The only one who did unlock a door for me was my sports teacher, Mr Ammons. He was a real hard nut and wouldn’t accept any excuses. You did your best, and if you didn’t then you were out. I’ll always remember him for that and it is a lesson that has held me in good stead. I had a fear of coming last, so in sport I pushed myself to the point of complete exhaustion. I’d get to the finishing line and be about to have a heart attack but at least I was in the top three. I applied that to everything, and if I’m honest I’m still driven like that.

One of my disappointments was that I had to choose between geography and art. My dad said art wouldn’t do me any good so I had to drop it. I had a really boring geography teacher and I’ve always regretted that I didn’t continue drawing. It would have been so much more useful to me.

I left school at 16 to do computer studies and my father was horrified. It was total rebellion and I had broken every rule he gave me. When I dropped out of my computer course to do fashion it was even worse. That was like the third world war breaking out. He lost all faith. It wasn’t in his plan for me but I stuck with it even though everybody said I was wasting my time.

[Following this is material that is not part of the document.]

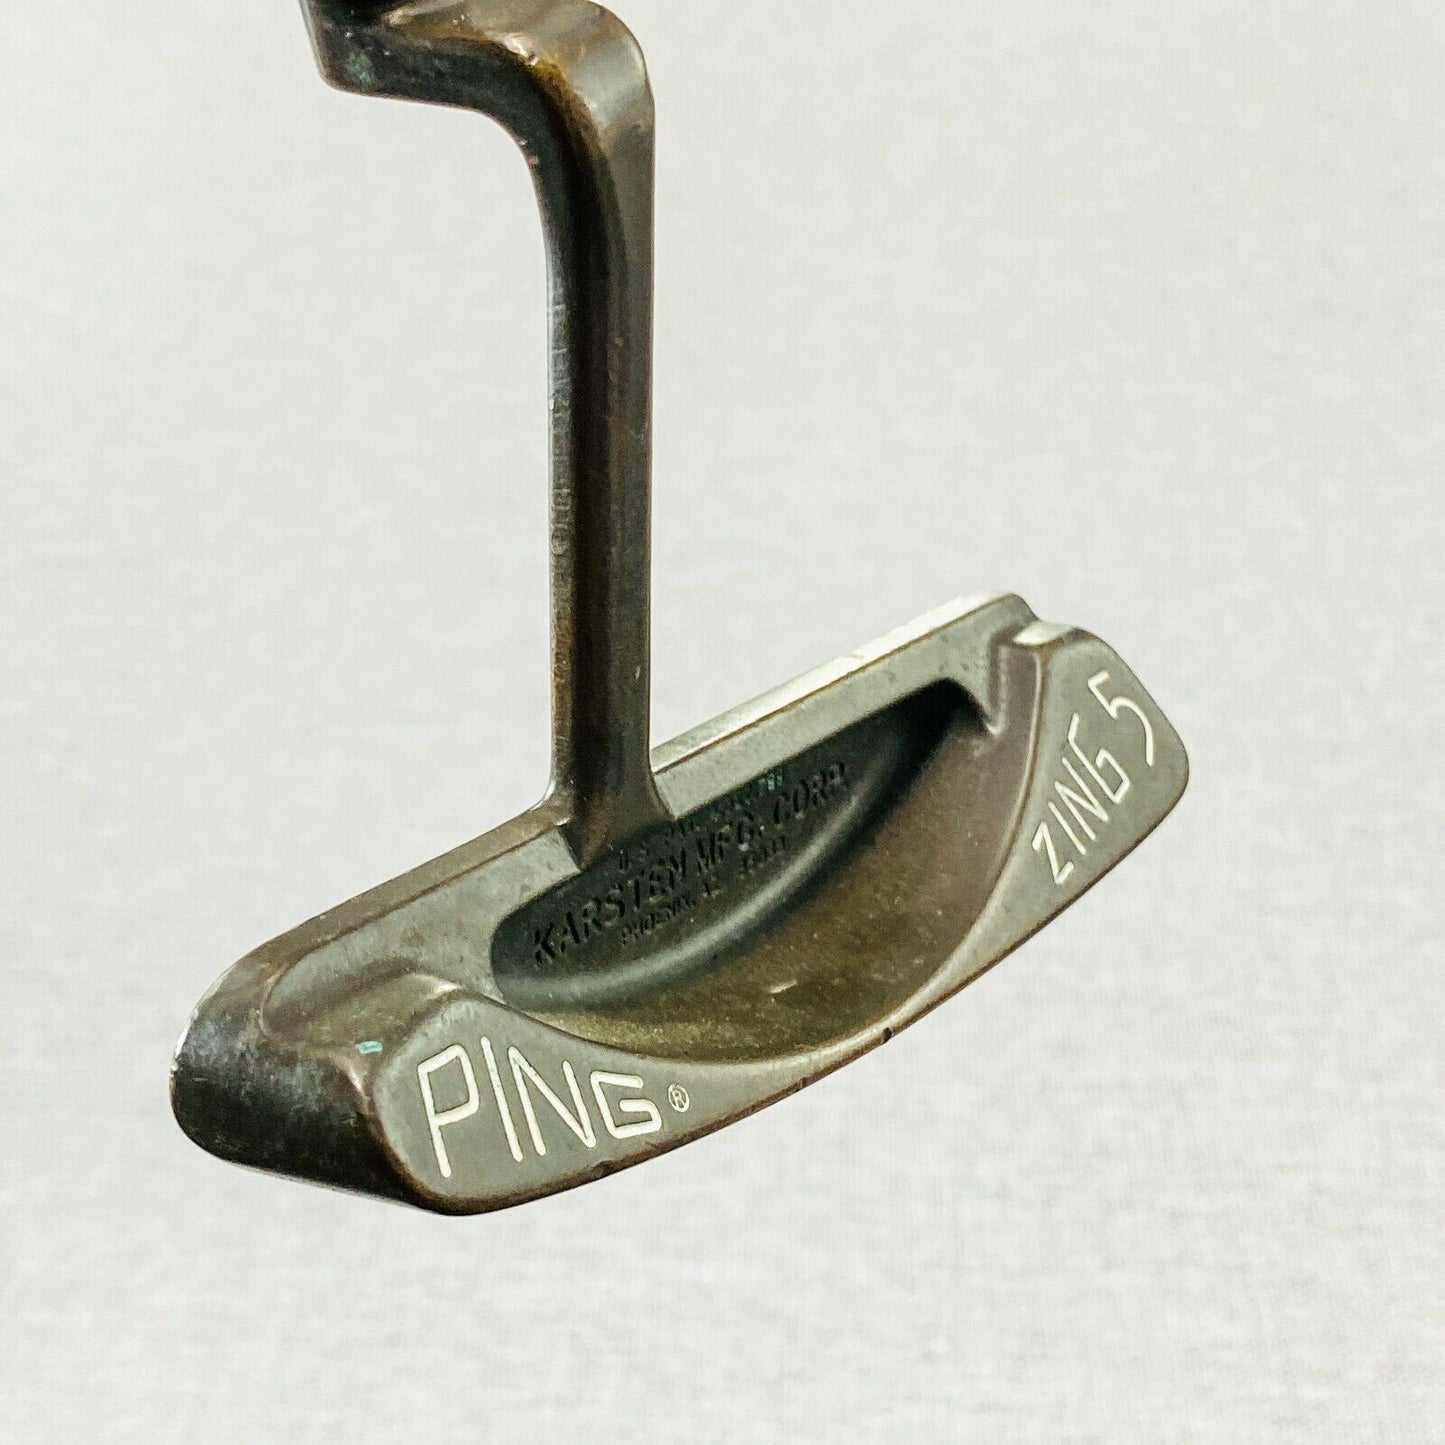 PING Zing 5 Beryllium Copper Putter. 35 inch - Very Good Condition # 11204

I sold my first collection to some of the top stores in the country when I was 19, but he wasn’t impressed. Then I organised a big fashion show in Ghana when I was 23. It was very high profile and it was on the BBC and in all the papers, but he was still unimpressed. Even when I got invited to Downing Street to meet Tony Blair he was kind of interested but not full-on. What finally got him was when I was invited on BBC Question Time. He watches that programme like its law and that did impress him. But he still hasn’t forgiven me for quitting school.

Ozwald Boateng, 30, was born in north London and is one of Britain’s most high-profile fashion designers. He sold his first collection while still a student, founded the first couture house for men and held the first catwalk show for men’s fashions in Paris. He is tailor to some of the most famous names in politics, the media and rock music. Yet in 1998, with his business turning over pound;3 million a year, he went bankrupt when an order from the Far East collapsed following the downtown in the Asian economies. He started again and within six months had rebuilt his empire.He was talking to Nigel Williamson.